TO DO
An exact reproduction of the listing, minus the pictures, is the required output.

INPUT DATA
_ _ _ _

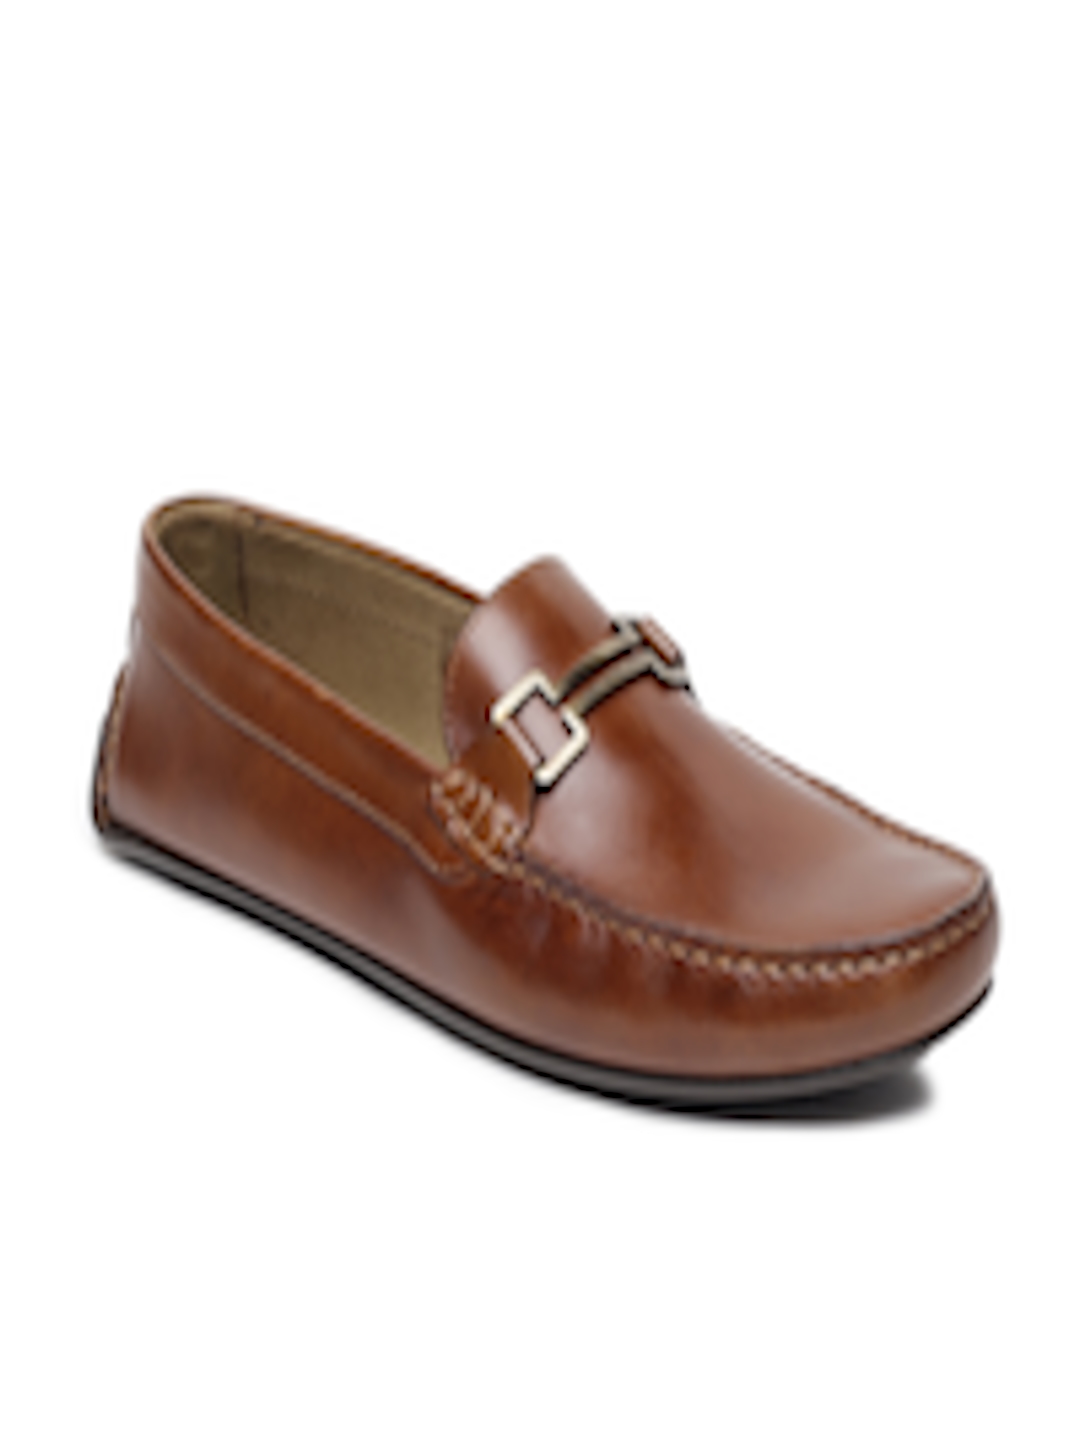 Buy Louis Philippe Men Tan Leather Loafers - Formal Shoes for Men 7704883 | Myntra
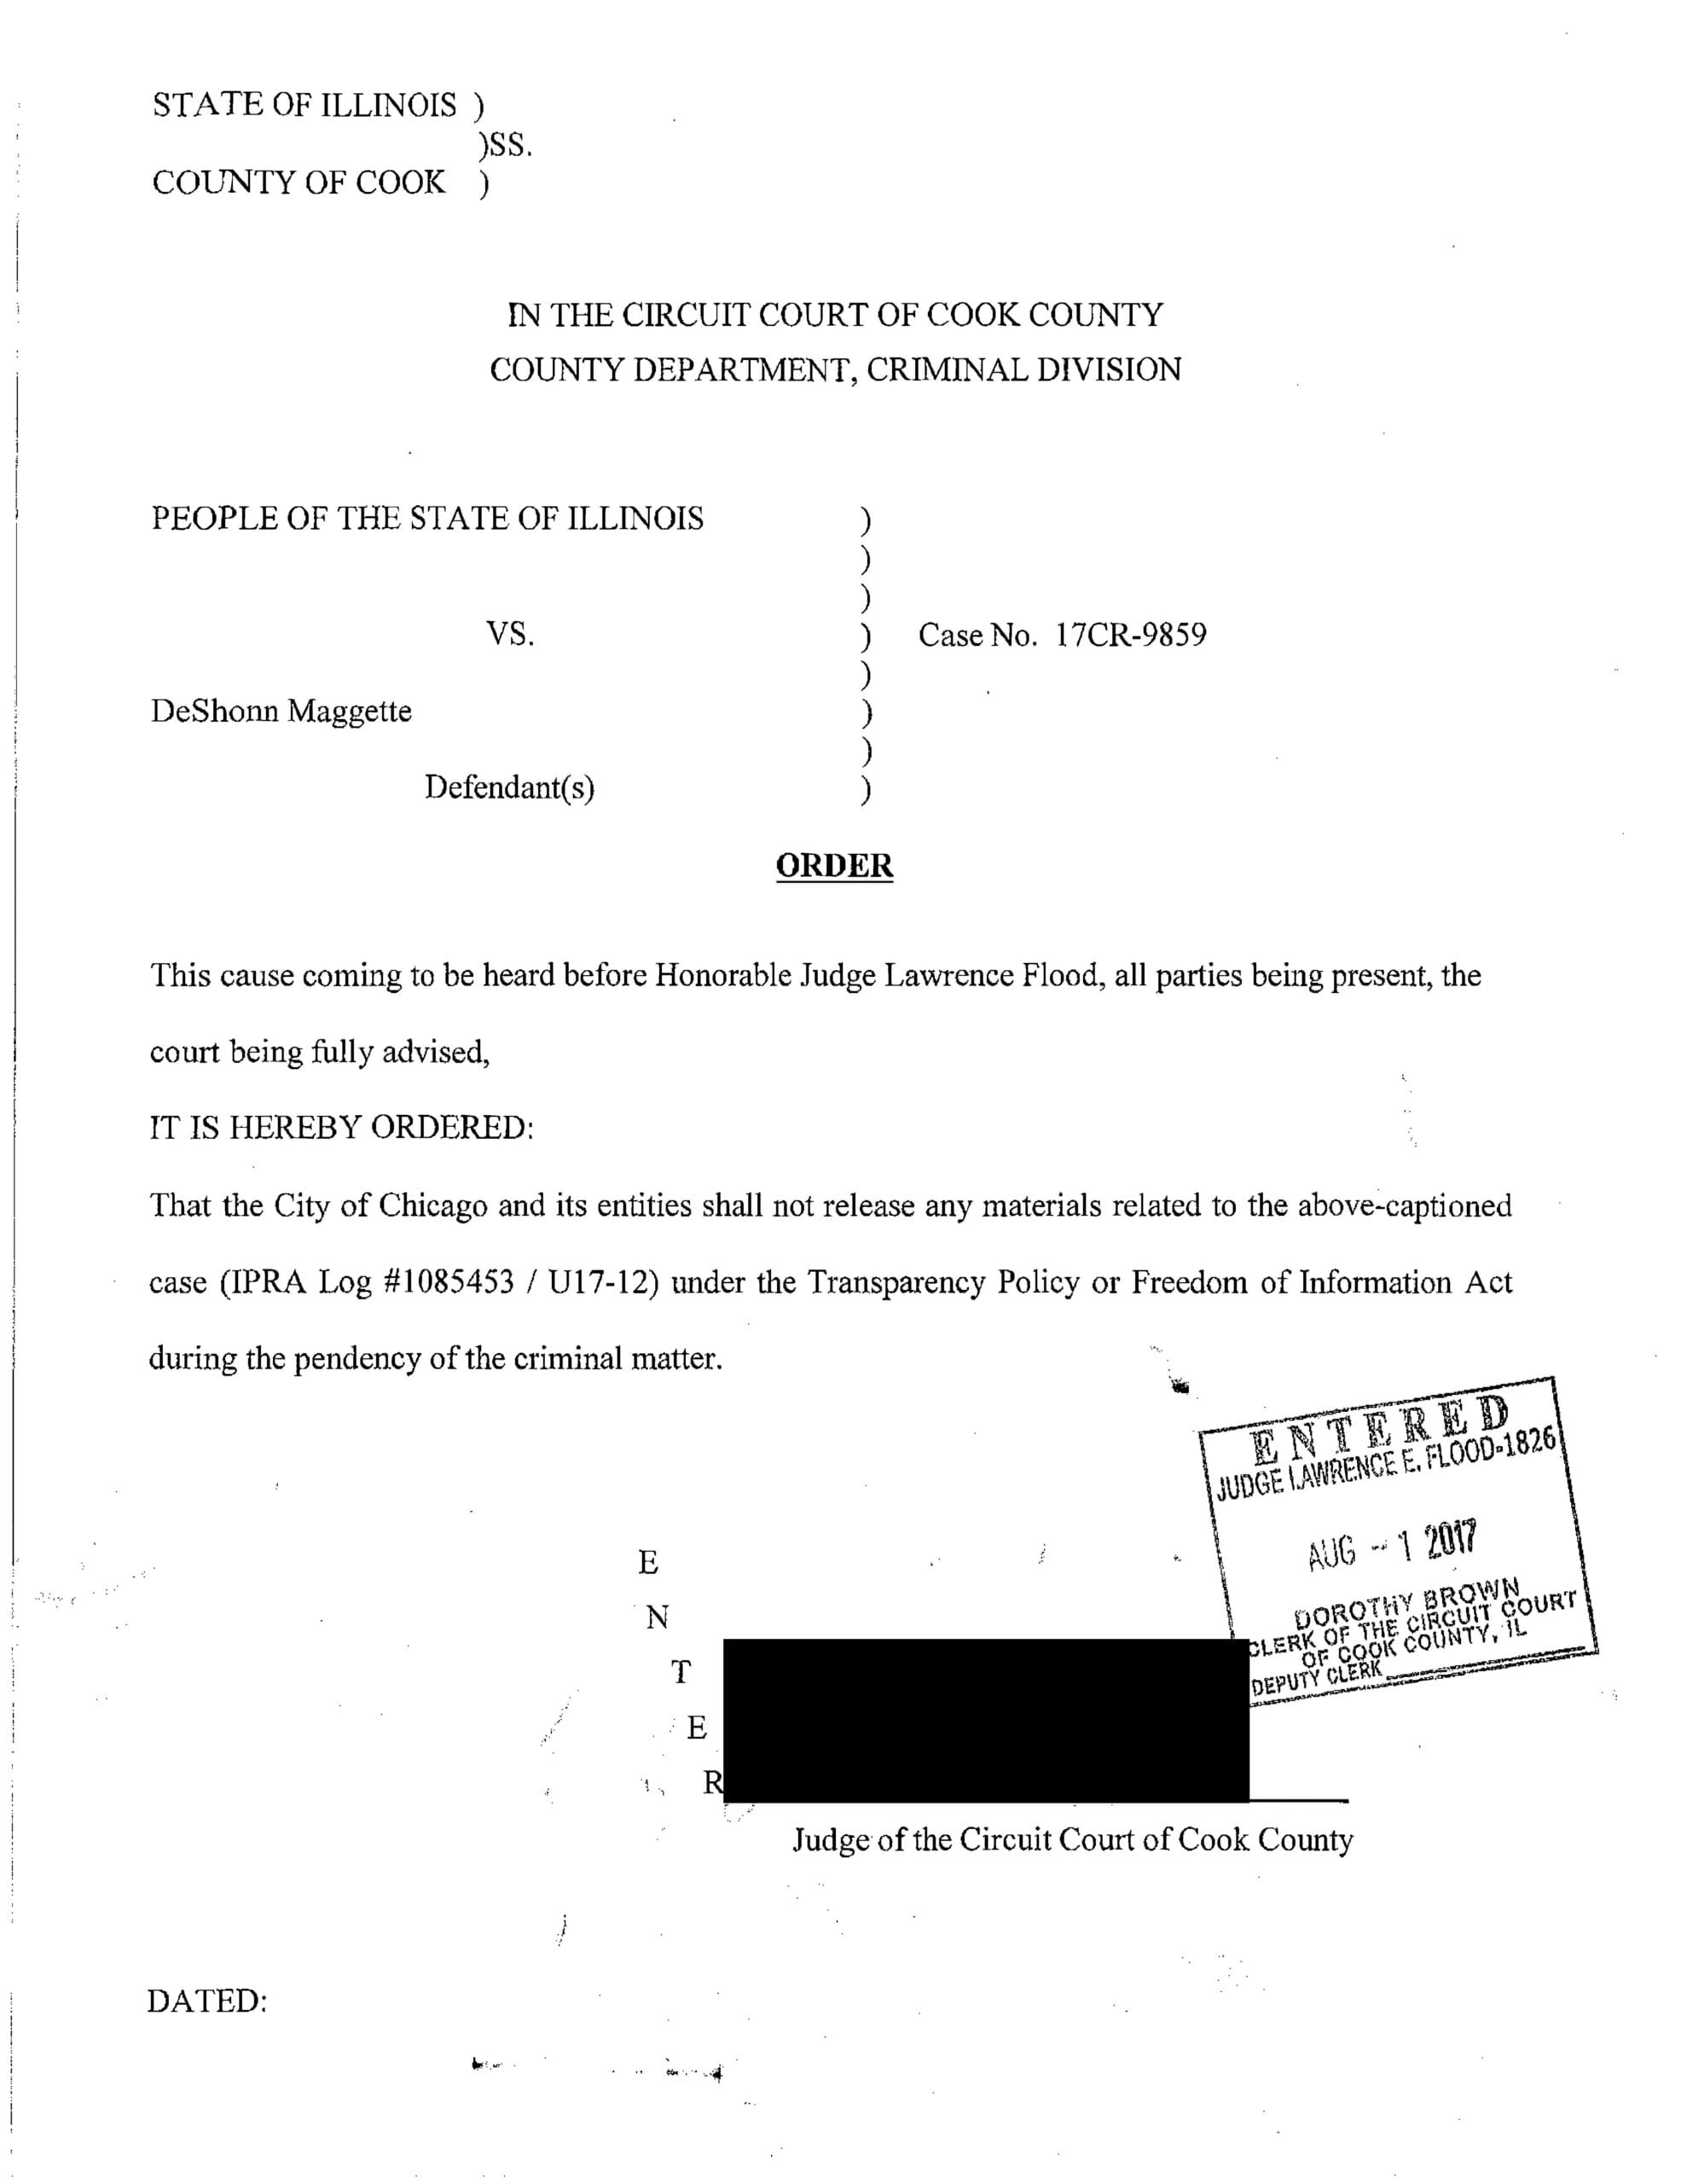 Court Order Redacated scaled
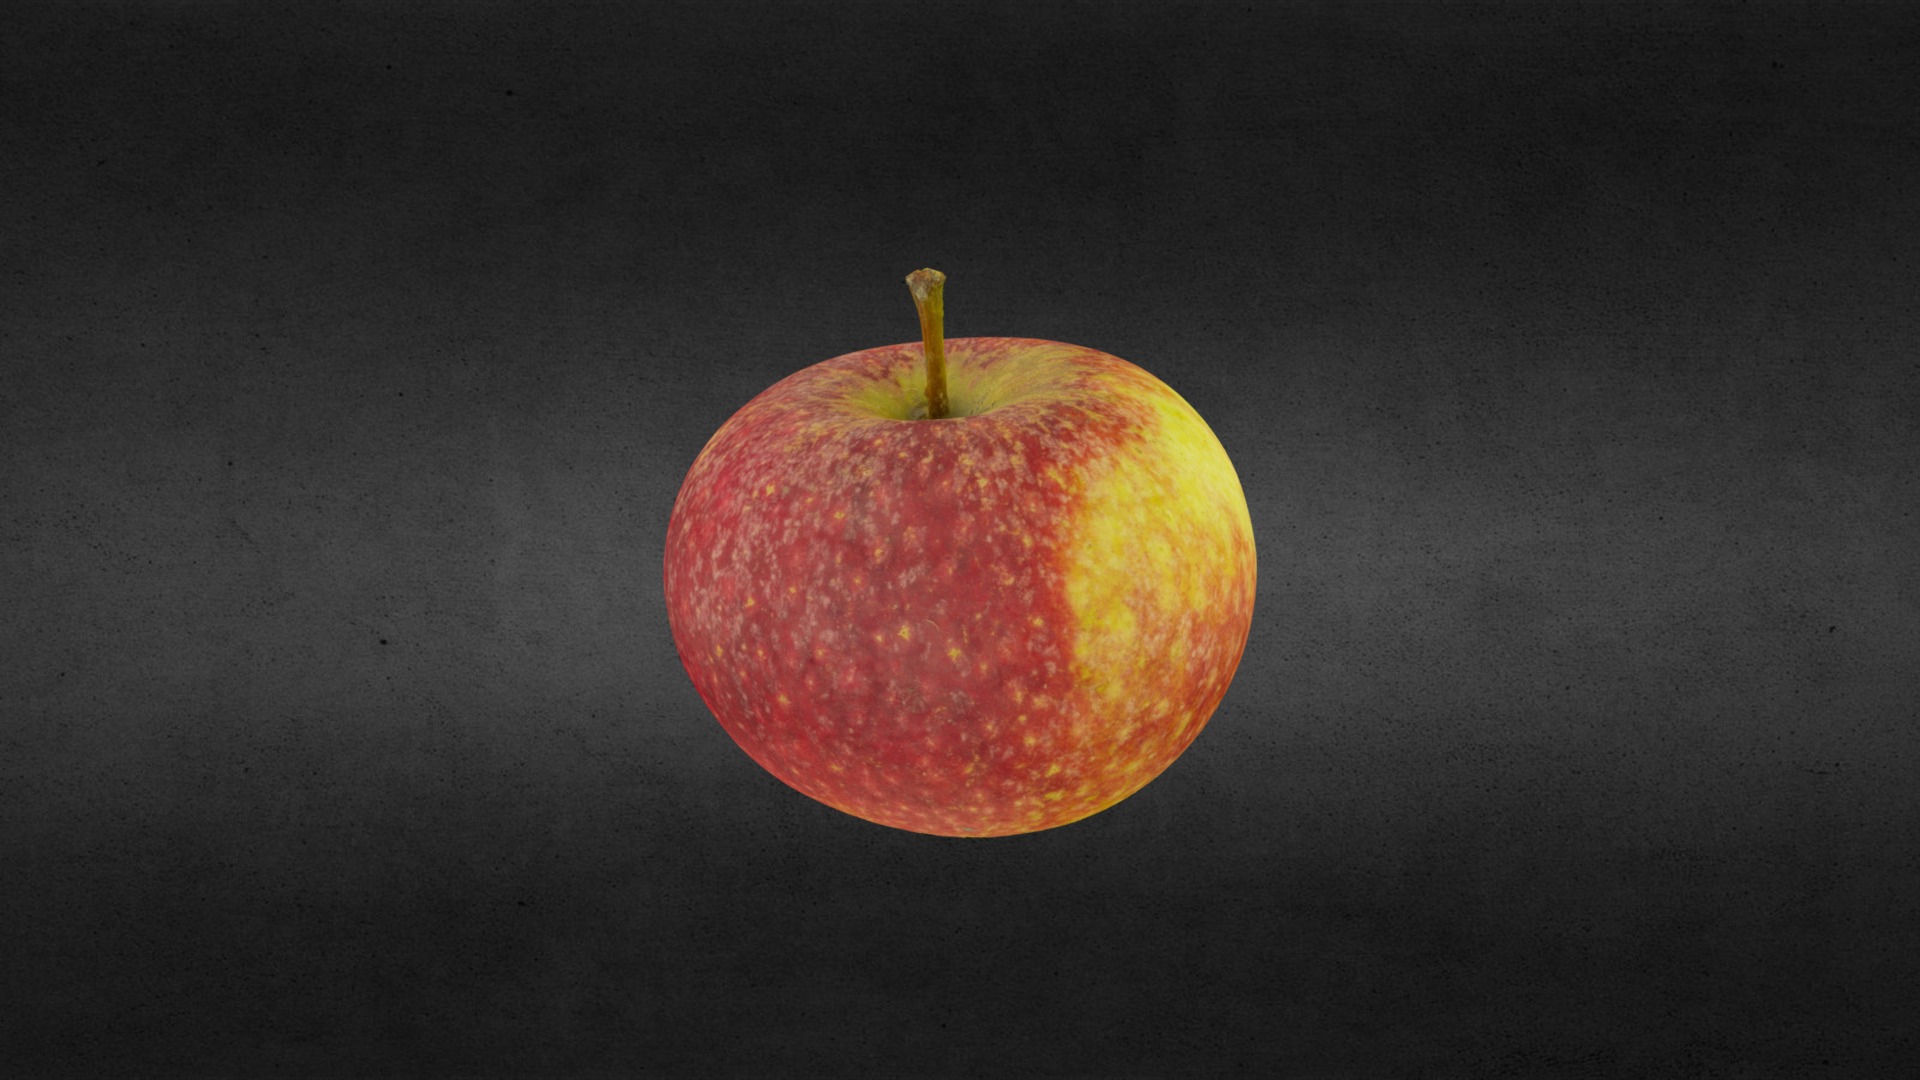 3D model Autumn apple High resolution - This is a 3D model of the Autumn apple High resolution. The 3D model is about a red apple on a black surface.
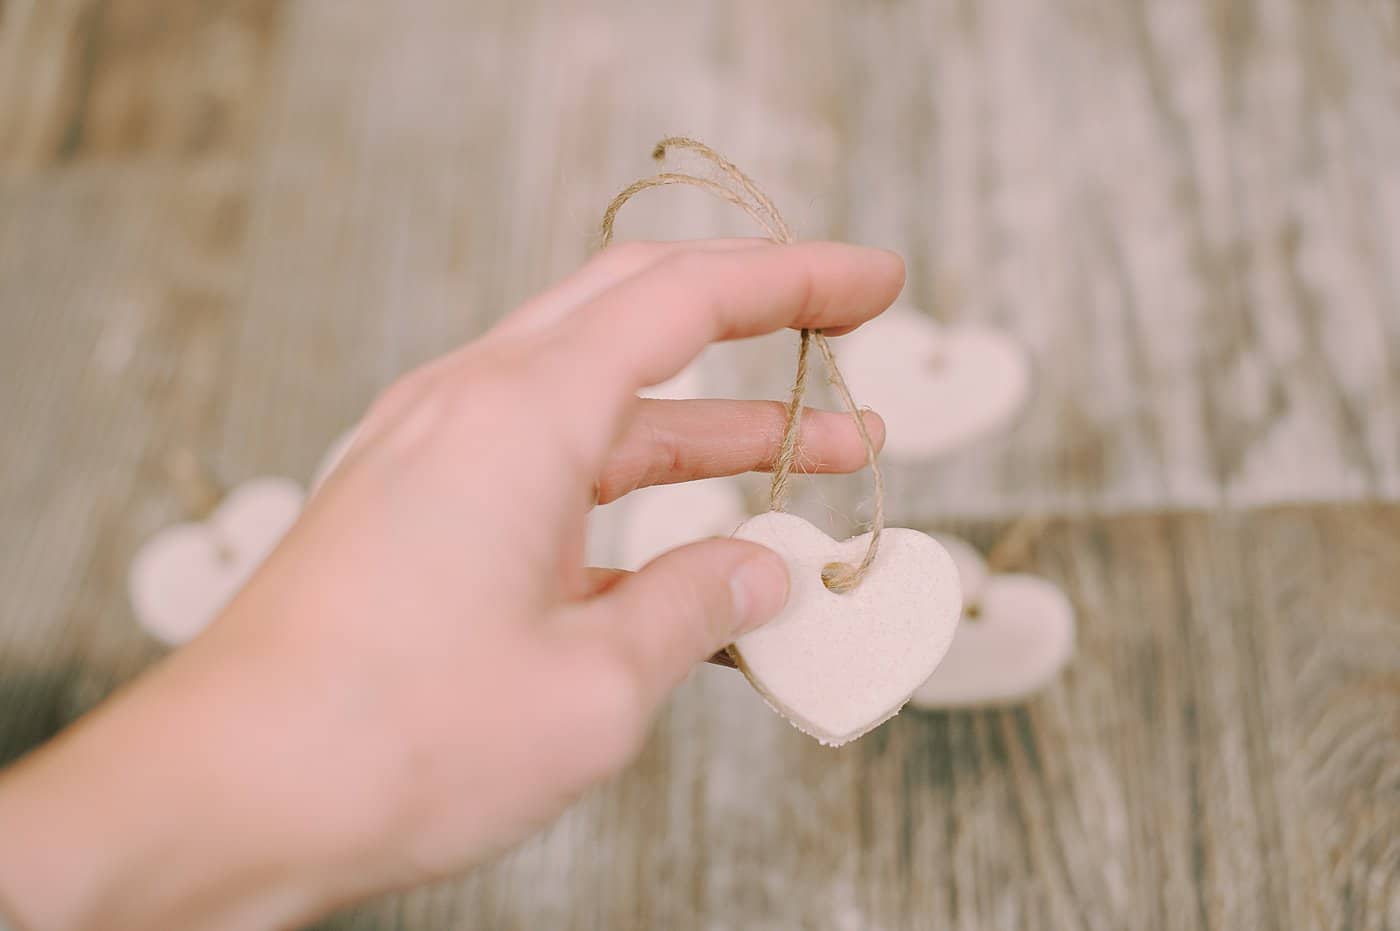 Tie small twine strings to the salt dough ornaments so you can add them to a longer twine string to hang as a garland.

_ _ _ _

EXPECTED OUTPUT
 Buy Louis Philippe Men Tan Leather Loafers - Formal Shoes for Men 7704883 | Myntra
 Court Order Redacated scaled
 3D model Autumn apple High resolution - This is a 3D model of the Autumn apple High resolution. The 3D model is about a red apple on a black surface.
 Tie small twine strings to the salt dough ornaments so you can add them to a longer twine string to hang as a garland.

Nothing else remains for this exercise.